Me retaba, su mirada me desafiaba burlona, lejos de protestar o de rogar su rostro mostraba determinación, resistencia, ¡Dios como la deseé!

-        “¿Qué pasa, te ha dejado caliente esa golfa y ahora quieres desahogarte?”

-        “Estás celosa, eso es” – Le lancé una mirada de triunfo a la que Carmen respondió con una risa corta y despreciativa.

-         “¿Estás de coña? ¡Follátela si te da la gana , me da igual!” – ahora fui yo el que rió, su semblante se endureció, la había vuelto a enfadar e intentó de nuevo librarse de mi.

-        “¡Estate quieta, coño!” – Ya ni siquiera sabía por qué la intentaba retener.

-        “Pues si necesitas desahogarte vete al baño y te la meneas, pero a mi me dejas en paz”

-        “¿Contigo aquí me voy a hacer una paja? ¡tú si que estás de coña!”

La solté y con rapidez elevé su chándal para quitárselo. Tras la primera sorpresa intento evitarlo pero ya tenía su cabeza tapada por la prenda, ¿por qué coño se había puesto sujetador para estar en casa? Sin duda era una barrera mas que interponía ante mí.

-        “¡Déjate, joder!” – en la lucha dio un traspiés y perdió el equilibrio. Fue suficiente para acabar de despojarla del chándal. El pantalón, enrollado en sus pies, le entorpecía el movimiento. Intenté acceder al cierre del sujetador en la espalda, Carmen adivinó mi intención y se apretó contra la pared. La rabia se apoderó de mí, cogí el sostén por el centro y levanté de un golpe la prenda liberando sus pechos. Sin soltar la prenda la amenacé – “Me dejas o te lo arranco”

-        “¡Suéltame, no tienes derecho…”

Tiré del sujetador y la atraje hacia mi, al separarse de la pared llevé mis manos hacia el broche en su espalda y su reacción fue inmediata. La fuerza del impacto contra la pared aplastó mis dedos flexionados, un escozor lacerante me recorrió la mano y ascendió como un relámpago por el brazo, Carmen cerró los ojos y un rictus de dolor apareció en su rostro.
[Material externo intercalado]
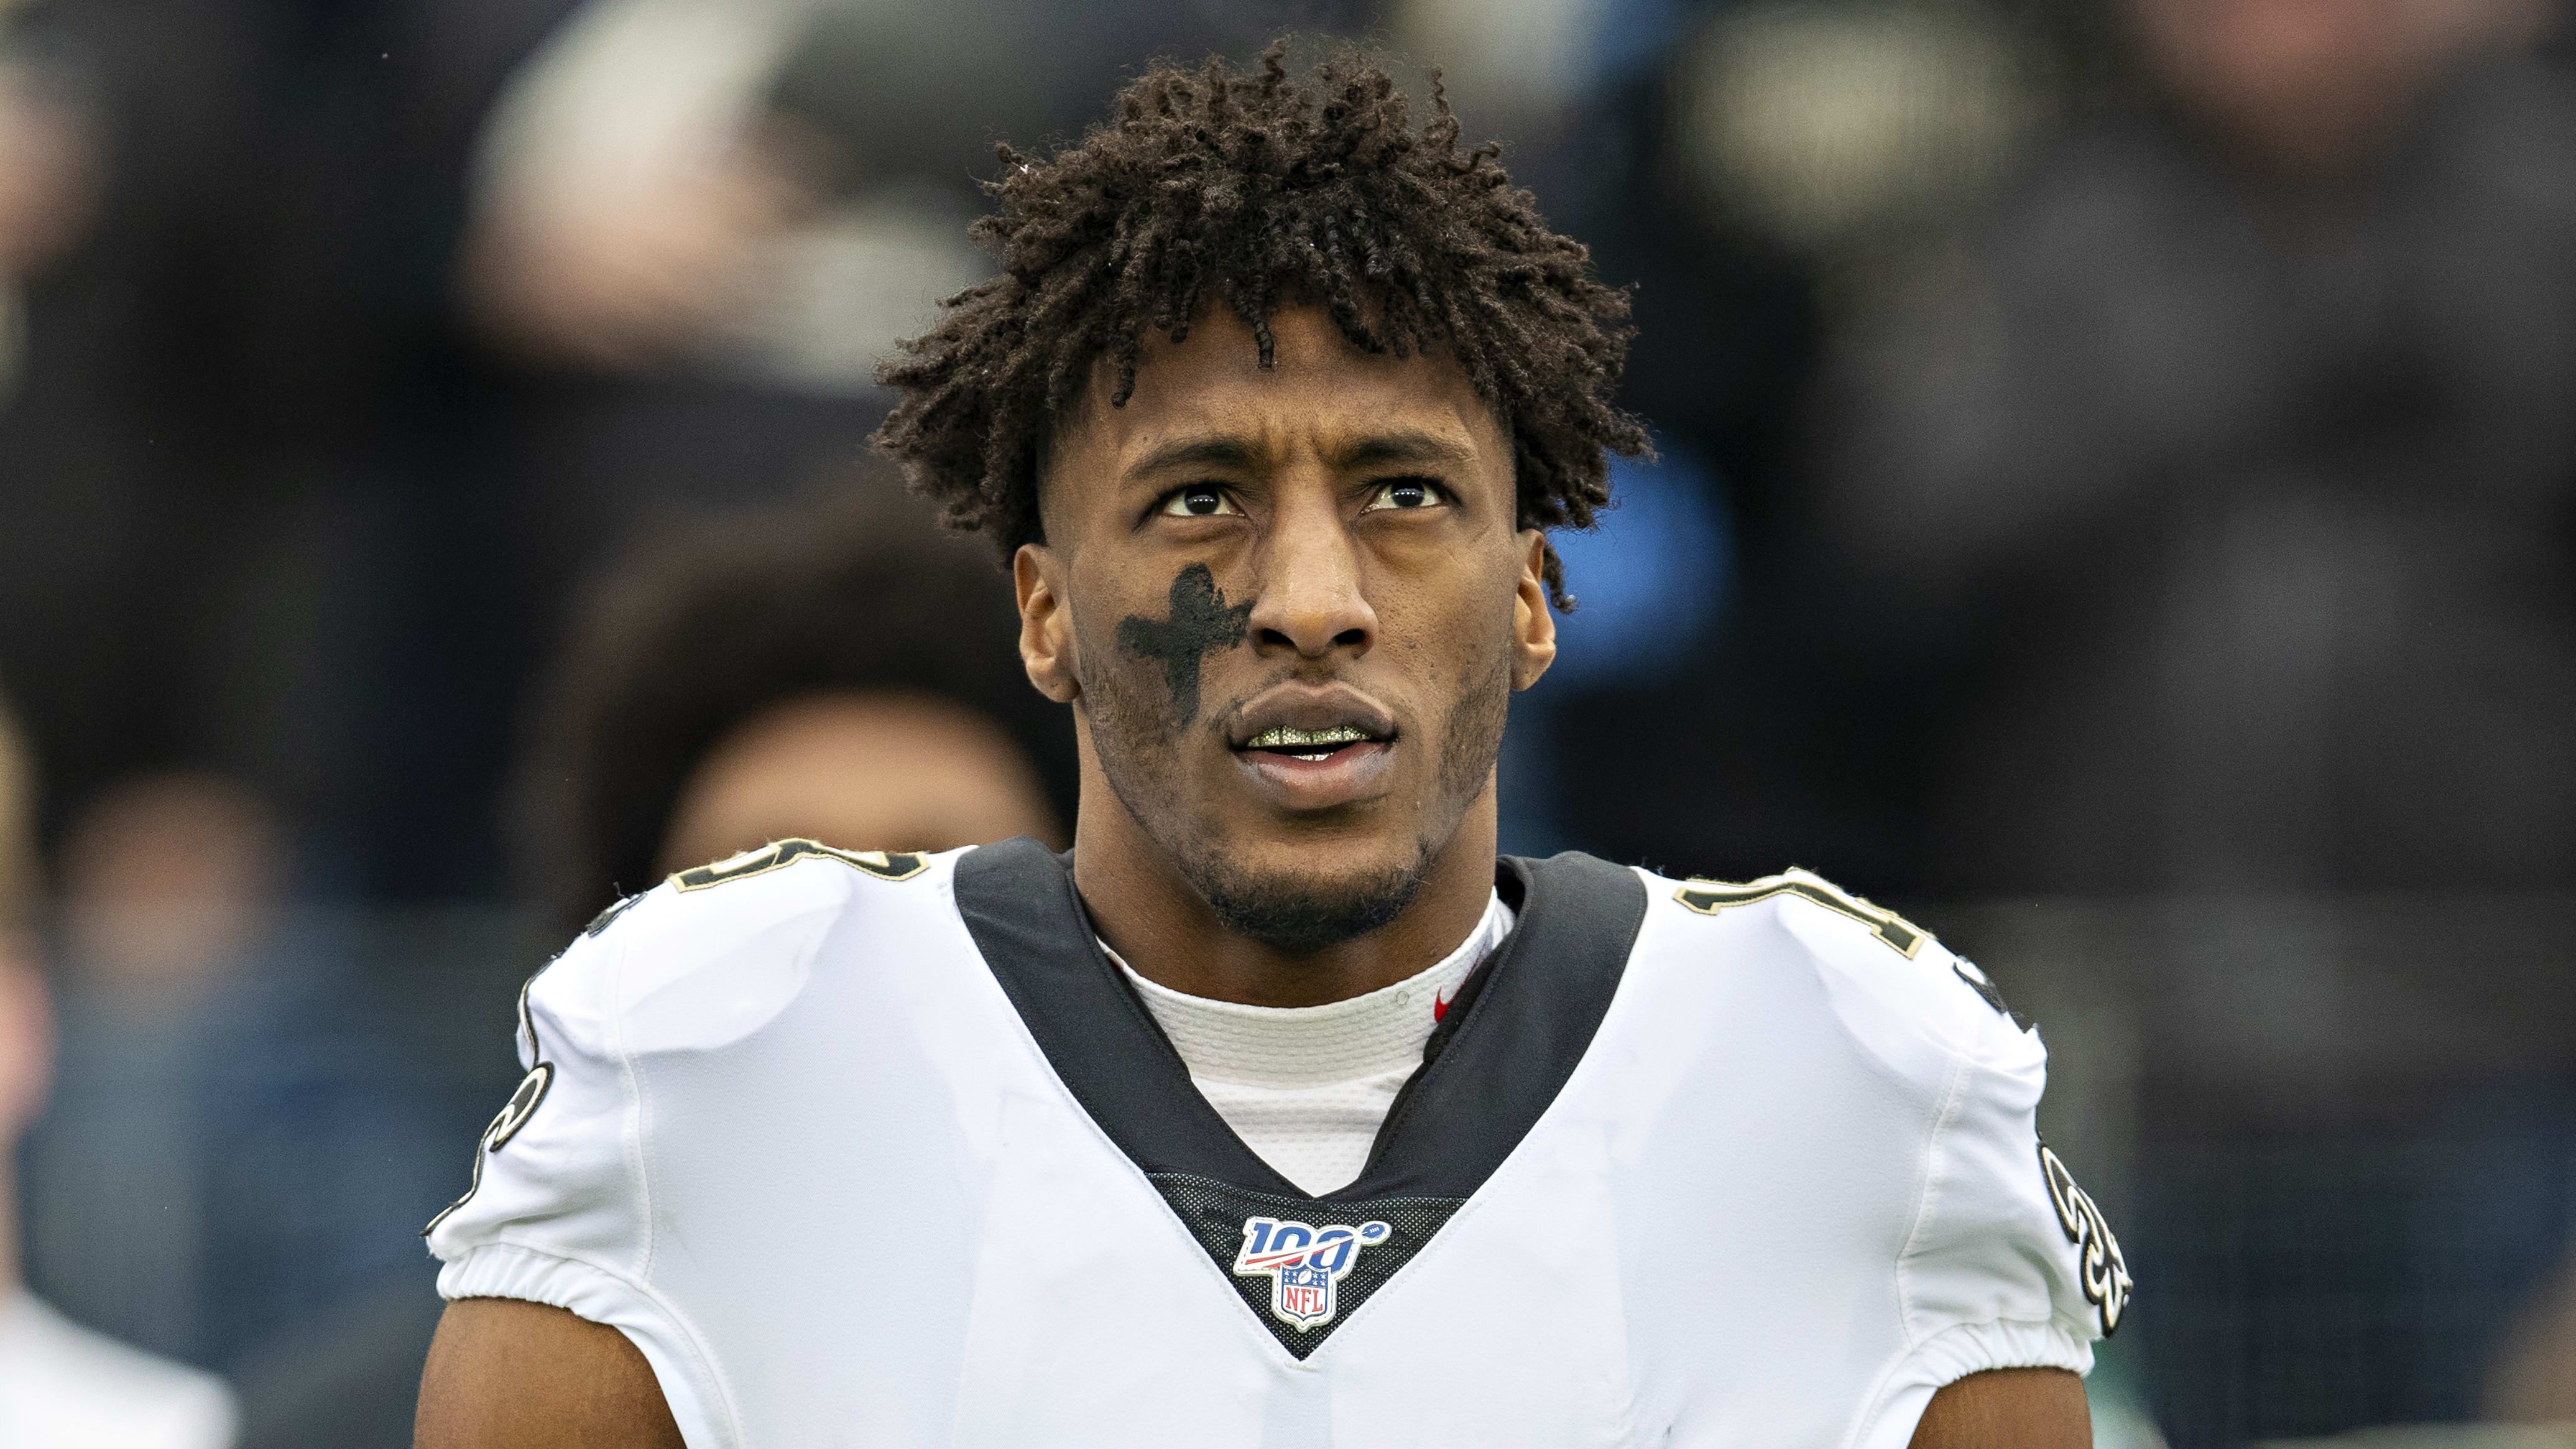 Details of What Led to Michael Thomas Ankle Surgery Are Troubling

Sin saber lo que hacía tiré con todas mis fuerzas del cierre que se rompió con un crujido. Una parte de mi no se creía lo que estaba sucediendo pero no atendí a ese retazo de cordura y le bajé los tirantes para terminar de quitarle el destrozado sujetador.

-        “¡Lo has roto, animal!”

Sus manos golpearon mi pecho una dos veces. La inmovilicé con mis brazos y la lleve arrastrando hasta nuestra habitación sin atender a sus palabras., Una vez allí la solté dejándola caer en la cama.

Carmen tenía los ojos muy abiertos, sin dar crédito a lo que estaba sucediendo. Por un instante pensé que estaba asustada pero no fue eso lo que sus ojos me transmitieron.

Tirada en la cama, con el pelo revuelto y la respiración agitada, apoyada en sus brazos me miraba con ansiedad sin saber bien lo que iba a suceder. En sus ojos había también deseo, un deseo salvaje. La expresión de su rostro mutaba en segundos desde la provocación soez de una furcia a la que no conocía hasta la expectación anhelante que me devolvía la imagen de mi esposa. Saltando de una a otra, su conducta me alertaba sobre lo que estaba sucediendo en su quebrada mente, pero mi excitación me impidió hacer caso a lo que intuía.